Барон с минуту-другую был несколько обескуражен:

— Дверь под замком?

— Под замком дверь, не сомневайтесь. Я каждый день проверяю.

Лицо барона прояснилось:

— Не волнуйся насчёт этого, мой друг. Думаю, всё можно объяснить просто. Он — купец. Он рассматривал замок... Склады, погреба, замки, запирающие двери, — это же часть ремесла его. Я более чем уверен: юного Николауса привлекла система замка. Ты ведь, наверное, там один из самых надёжных замков навесил?

— Разумеется. Это же пороховой погреб.

— Не будь чересчур придирчивым к молодому человеку.

Но бдительность Юнкера нелегко было усыпить подобными речами.

— Я осматривал, господин барон, в конюшне его коня, смотрел подковы...

— И что же? — в Аттендорне возгорелось настороженное любопытство.

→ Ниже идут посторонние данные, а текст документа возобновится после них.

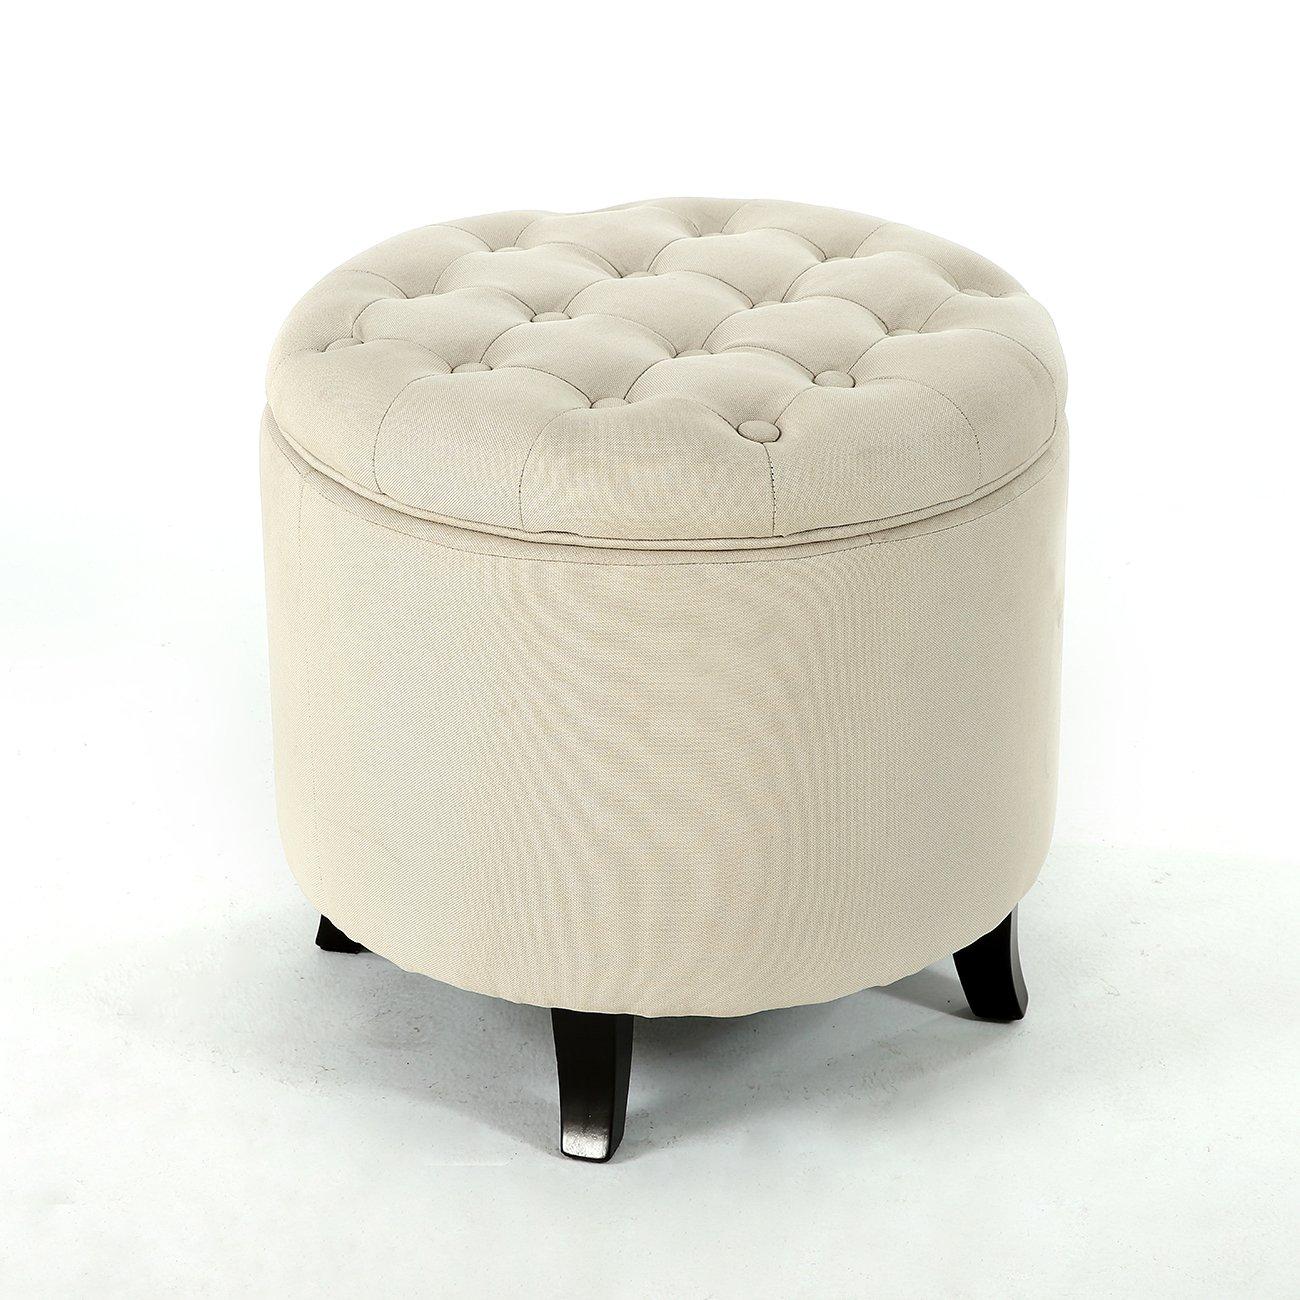 Belleze Modern Button Tufted Accent Storage Ottoman Lift Top Footstool 17-3/4'' Round (Beige)

— Подковы — как подковы. Но я заметил, что конь его не понимает команд... немецких команд.

— Нет в том ничего удивительного, Марквард. Этот конь ведь из полоцкой конюшни. Должно быть, он понимает, когда с ним говорят по-русски.

— Ваша правда. Об этом я не подумал, — согласился Юнкер.

Ульрих фон Аттендорн поднялся, как бы указывая этим, что время разговора вышло. Он несколько напряжённо улыбнулся:

— Наш гость Николаус — совсем молодой человек. Не будь слишком придирчив к нему. Ему в четырёх стенах скучно, ему нечем себя занять, вот и слоняется туда-сюда. Но скоро это прекратится. Не сегодня завтра возвращается домой Удо. Будет гостю интересная компания.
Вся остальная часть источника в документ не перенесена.